───── DATA BLOCK

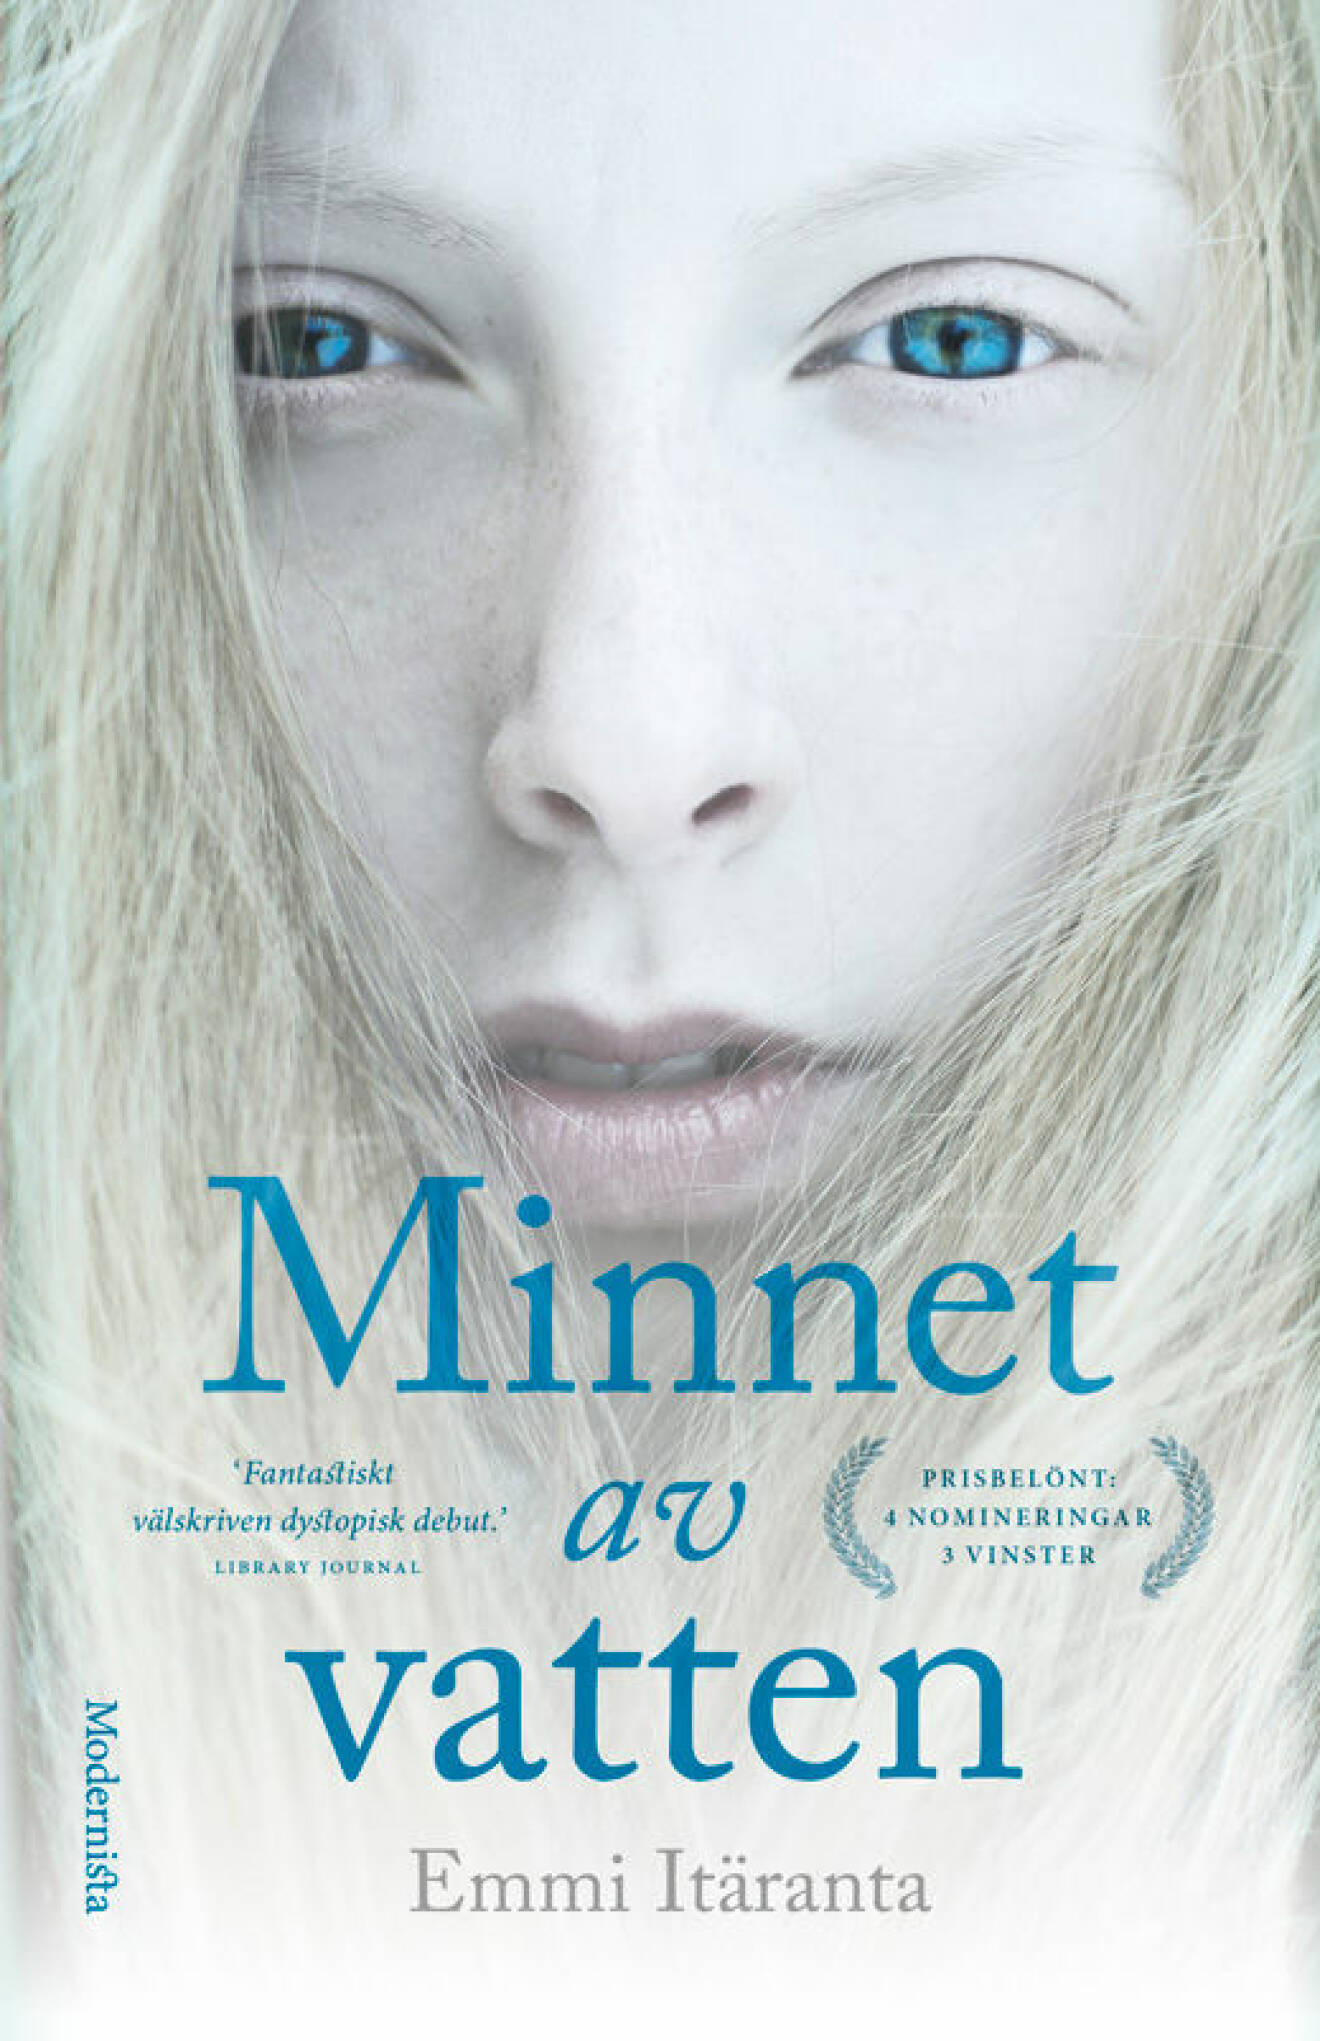 Minnet av vatten, en dystopisk bok av Emmi Itäranta.
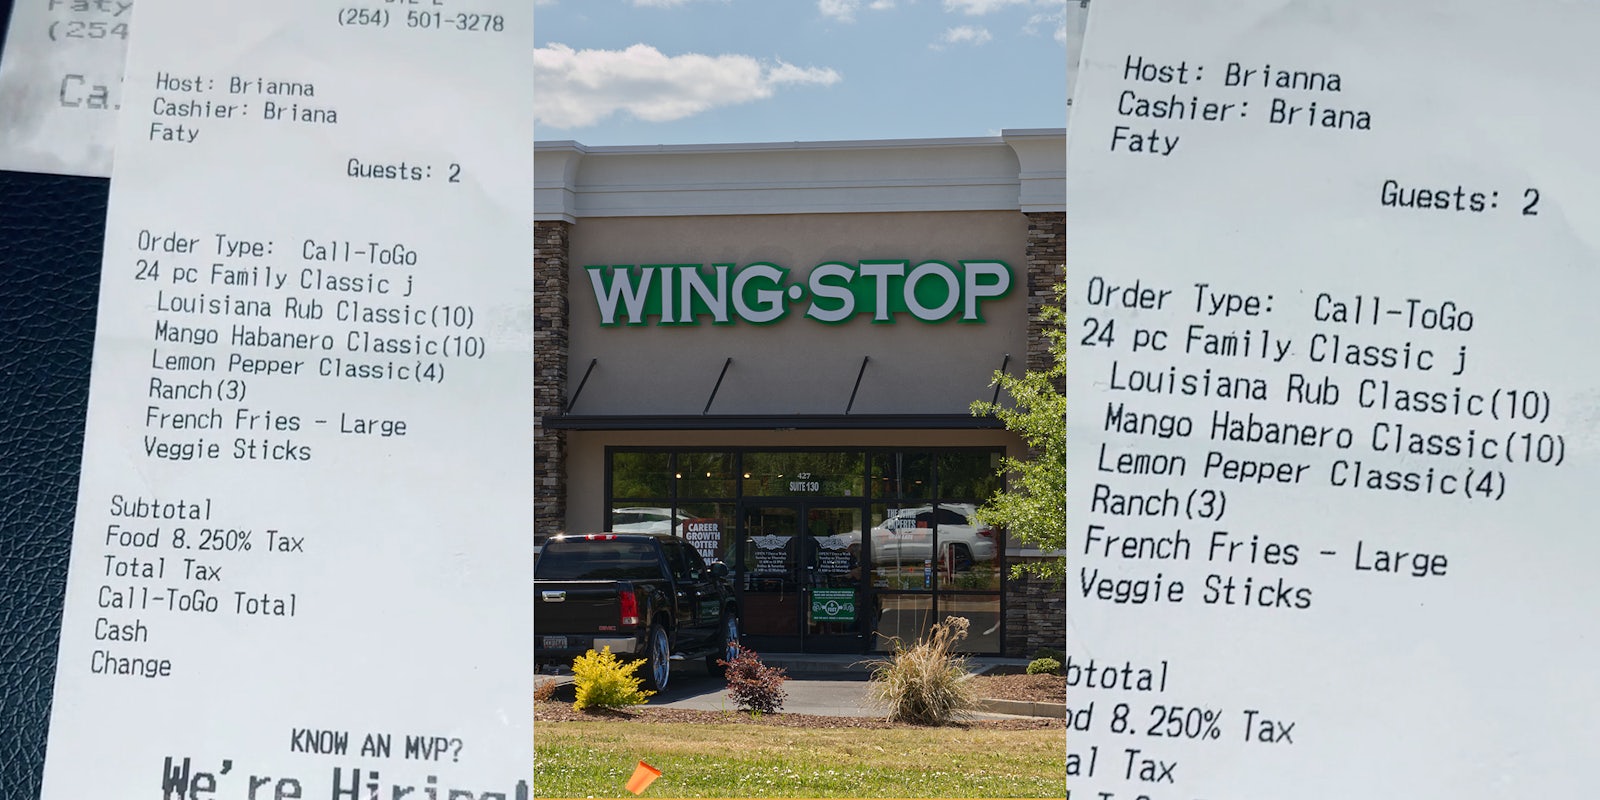 Wingstop receipt with name written as 'Faty' (l) Wingstop sign on building (c) Wingstop receipt with name written as 'Faty' (r)
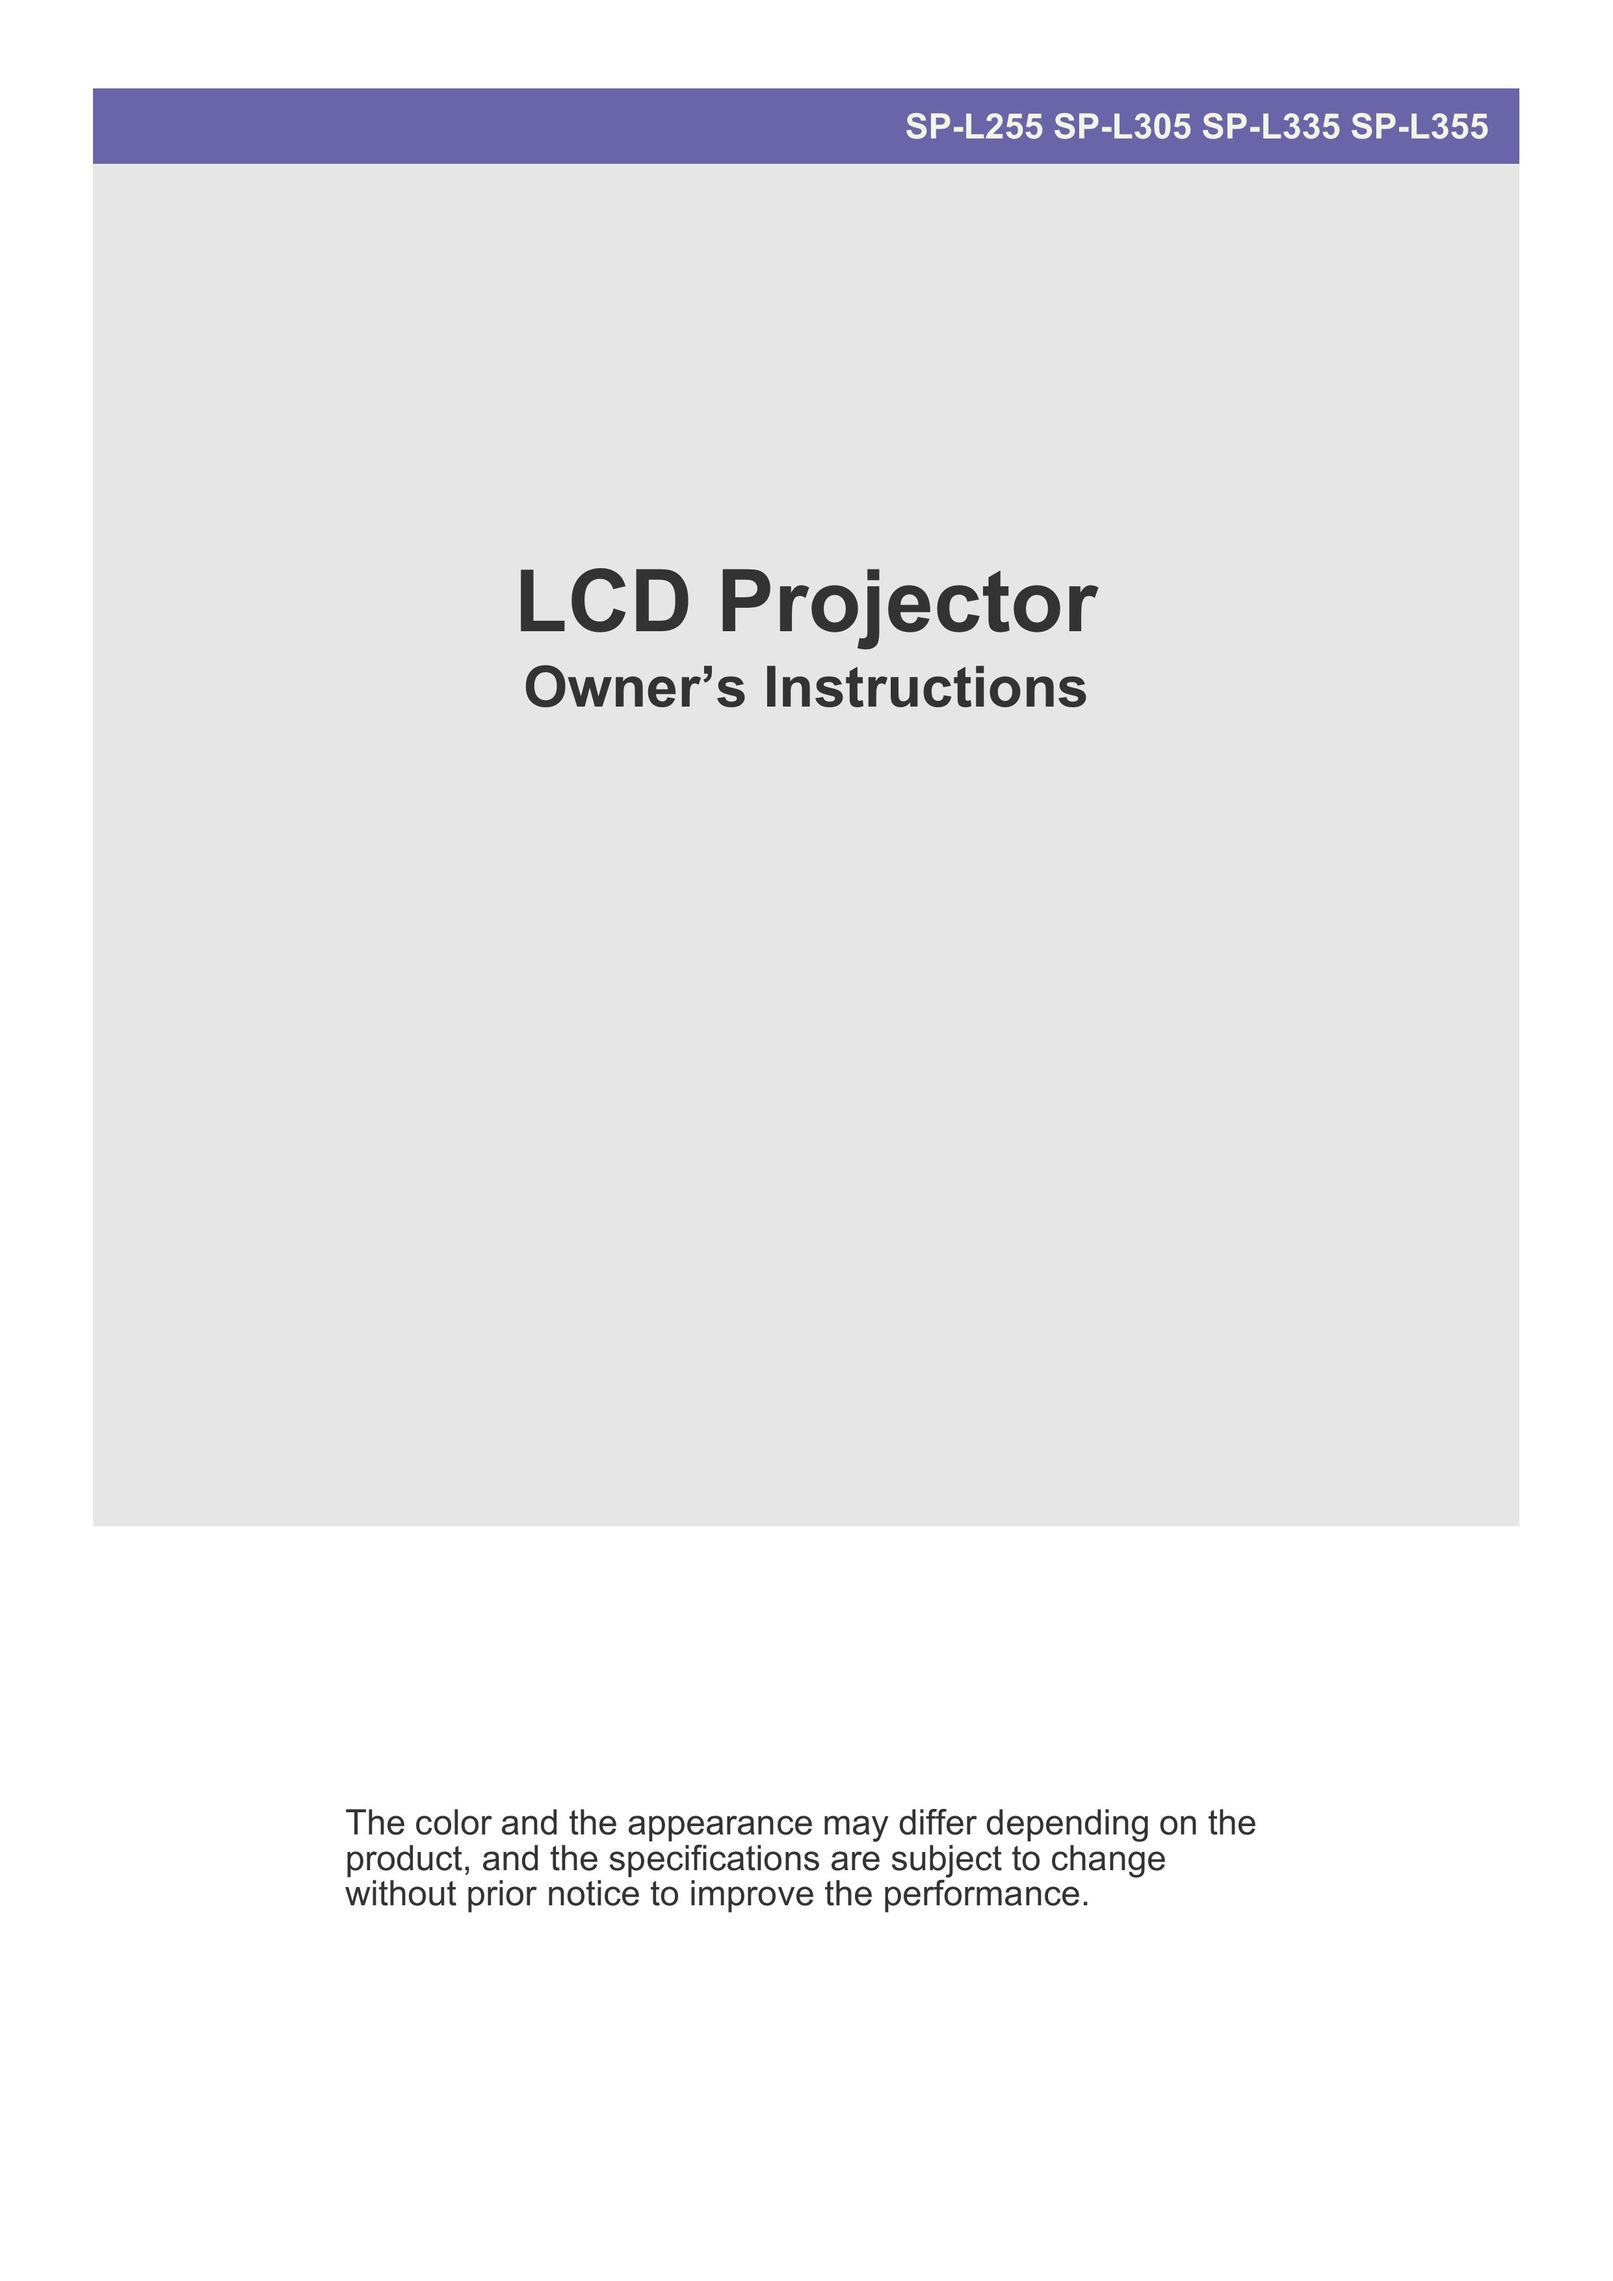 Samsung SP-L355 Projector User Manual

──────────

ABOUT THIS EXERCISE »
Without including any pictures, copy every line above exactly.

REPLY TO THE TASK »
 Minnet av vatten, en dystopisk bok av Emmi Itäranta.
 Wingstop receipt with name written as 'Faty' (l) Wingstop sign on building (c) Wingstop receipt with name written as 'Faty' (r)
 Samsung SP-L355 Projector User Manual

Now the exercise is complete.